# Semi Noob Vaper



## Fickie (26/1/14)

Hi All,

First, thank you for all the great info here.

I started vaping in 2009 and am really impressed with this site and all the info here. Back then the tech wasn't quite the same but I did manage to stop smoking a WHOLE 4 MONTHS LOL . Unfortunately, the vaping experience was pretty lousy in 2009 and supplies were poor, so when I relapsed I went back to analogues.

Having done some reading I think I know more or less what I want but would appreciate some recommendations. For comparison purposes I am looking for a fully loaded Toyota not a Merc (yet). These are some requirements:

-I need a reliable supplier in JHB ( I am in Florida). This is important but not essential. Many suppliers I have seen here seem to be out of stock . I guess the market in SA still hasn't really seen critical mass yet. This is a pity considering the 'benefits' of vaping vs smoke. I have contacted one or two retailers but stocks are not good.

-I would like a battery/ MOD over +1000mAH with VW. Some built in protection functions that save the battery are important.

-Cartomiser; I need decent, reliable coils in the housing with some back up coils and units maybe. Thinking something like e.g. a few CE4's (with extra coils) and a PT (as it comes in the box for now)? Leaking is not cool but back when I was giving up and my coils were toasted I would sommer swallow a few drops of e-liquid in desperation.

My thinking on the above is to start decently on a MOD and at least reliable or extra buy clearomiser thingits. Being that I spend money on cigs monthly I will spend a bit on a vaping over the next months, building on better hardware.

Since some of the retailers may just not have updated their websites I am open (asking for) to solicitation .

Looking forward to your advice.

Regards,
Fickie

Reactions: Like 2


----------



## Stroodlepuff (26/1/14)

Hi fickie

Thank you for the solicitation opportunity 

Most of our stock is on its way so depending on what you are looking for we could be able to help you during this week - we are based in Fourways so you can pop around and try out our juices and a few of the different mods once stock is here and see what suits you best?

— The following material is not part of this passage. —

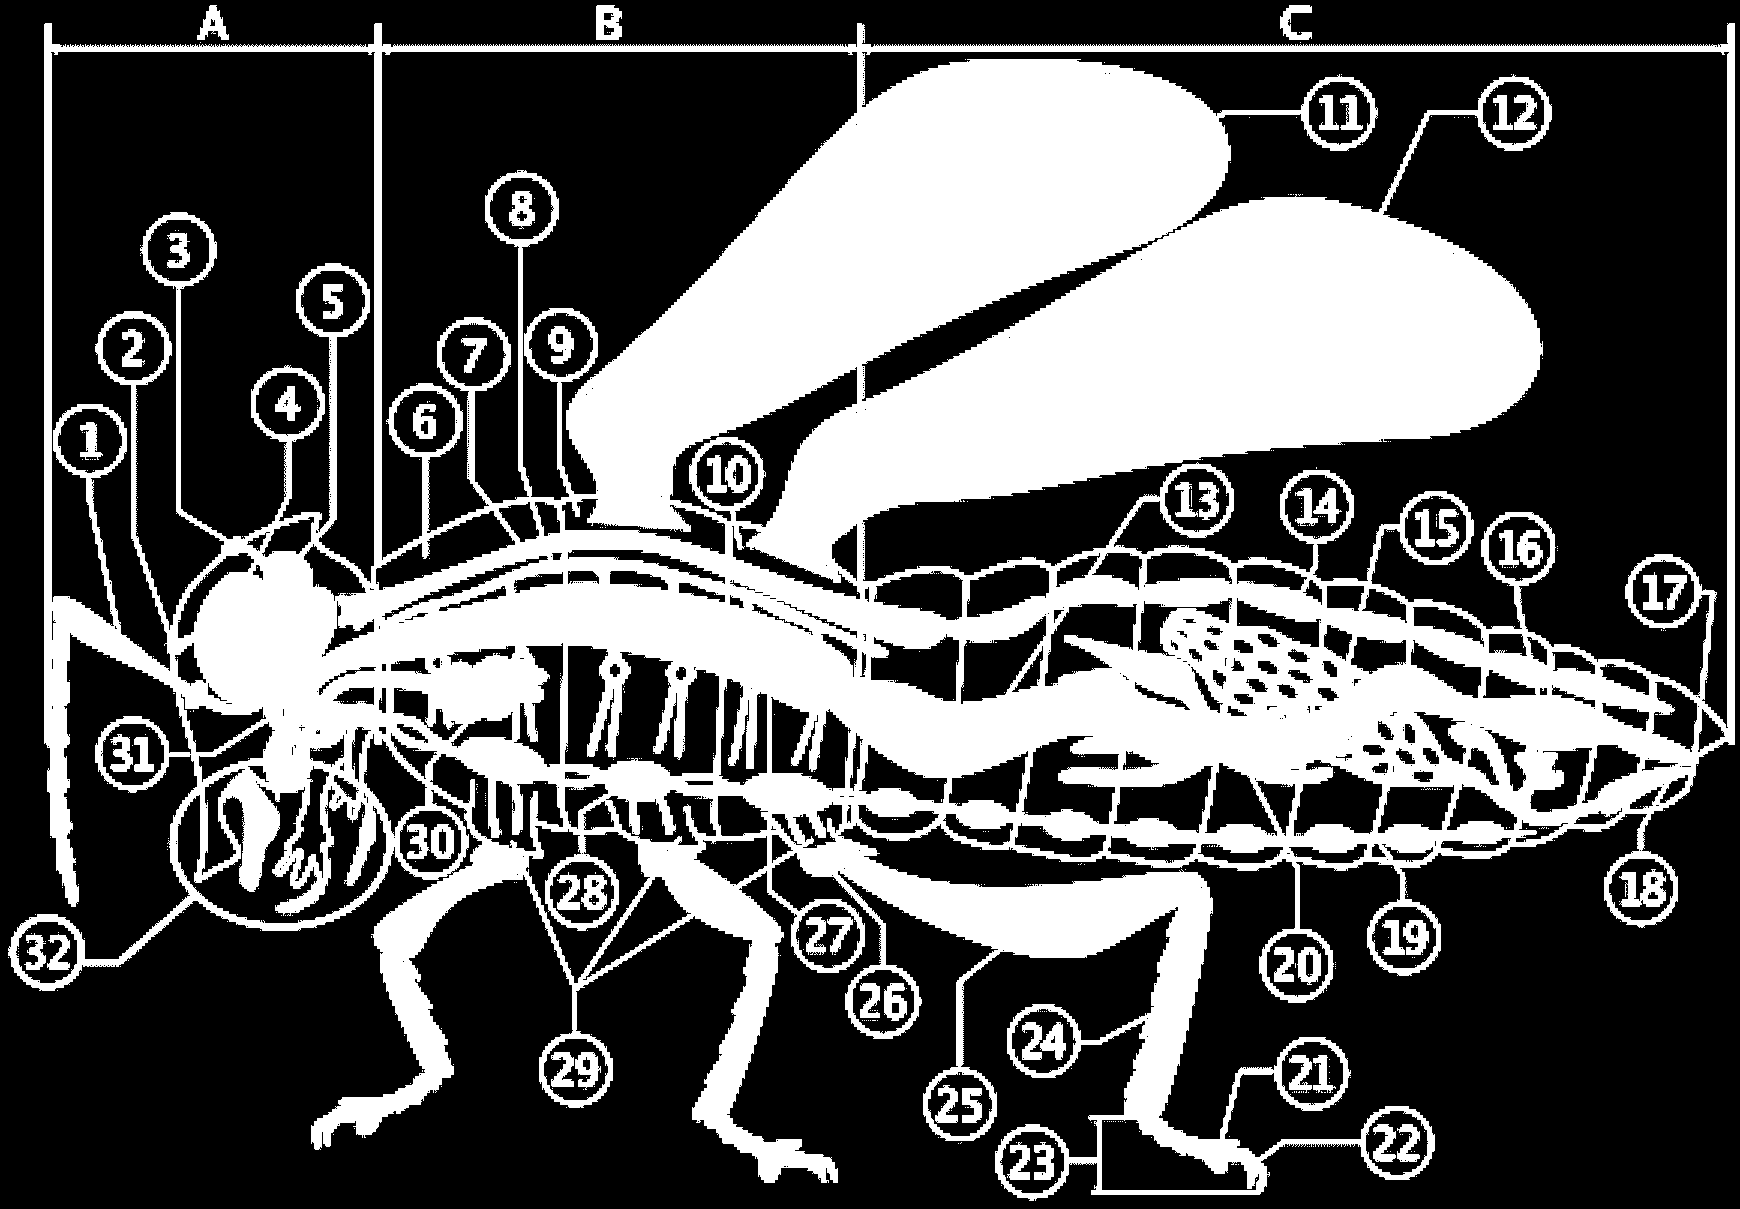 2 antennes, 6 pattes : c est 1 insecte A : tête / B : thorax / C : abdomen 1 : Antennes 2 : ocelles inférieure 3 : ocelle supérieure 4 : œil composite (ommatidies) 5 : cerveau (ganglion cérébral) 6 :

*Edit - We will post on the forum once our stock has arrived


----------



## Derick (26/1/14)

Yep, out of stock and now China has gone into Chinese new year, so our stock will not be up very soon. But stick around and during the year things will definitely pick up


----------



## Andre (26/1/14)

Hi Fickie. A warm welcome to the forum. Yeah, many of us had a go in the pre-better tech era. Not a good experience for most.
My advice would be

*Small form factor*
Vision Spinner (VV - variable voltage) at 1300 mAh with a Kanger Mini Protank. In my opinion the latter is one of the most reliable out there and gives a good vape. And the battery unit is solid. As far as I know, only www.eciggies.co.za (based in Pretoria) have stock of those at this stage. A separate charger is required. And some extra coils. I see you require VW (variable wattage), which this will not comply with. 
Another option in a smaller form factor could be the Sigelei Mini Zmax. I see www.skybluevaping has stock. This is a more advanced unit having variable voltage as well as variable wattage. Skyblue has the kit, which comes with: 1x Sigelei mini zmax electronic mod, 1x Sigelei Protank (glass) (Can fit Kanger protank coils), 1x Sigelei Protank coil, 2x Sigelei ICR 18350 900 mAh Batteries, 1x Sigelei Battery charger, 1x Instruction Manual. 1x QC card. Advantage of this kit is also the 2 rechargeable batteries, meaning if you run out of power you just insert the second battery. I have no personal experience of this kit, but one of our members @RevnLucky7, very old in vaping terms, reckons Zmax builds very solid stuff.

*Bigger form factor*
In this forum the Innokin SVD seems to be the most popular and is a reliable electronic mod. It is telescopic so can take 3 battery sizes (18350, 18500 and 18650). The latter is the more popular for obvious reasons. With this you need an atomizer. My personal preference is the Kanger Protanks, but other prefer the Innokin iClear range. At the moment seems to me only www.eciggies.co.za have stock of the SVD and the Kanger Protanks. A charger and batteries will be required separately.
There are other options here, like the bigger Zmax, but none of these options are in stock locally at the moment.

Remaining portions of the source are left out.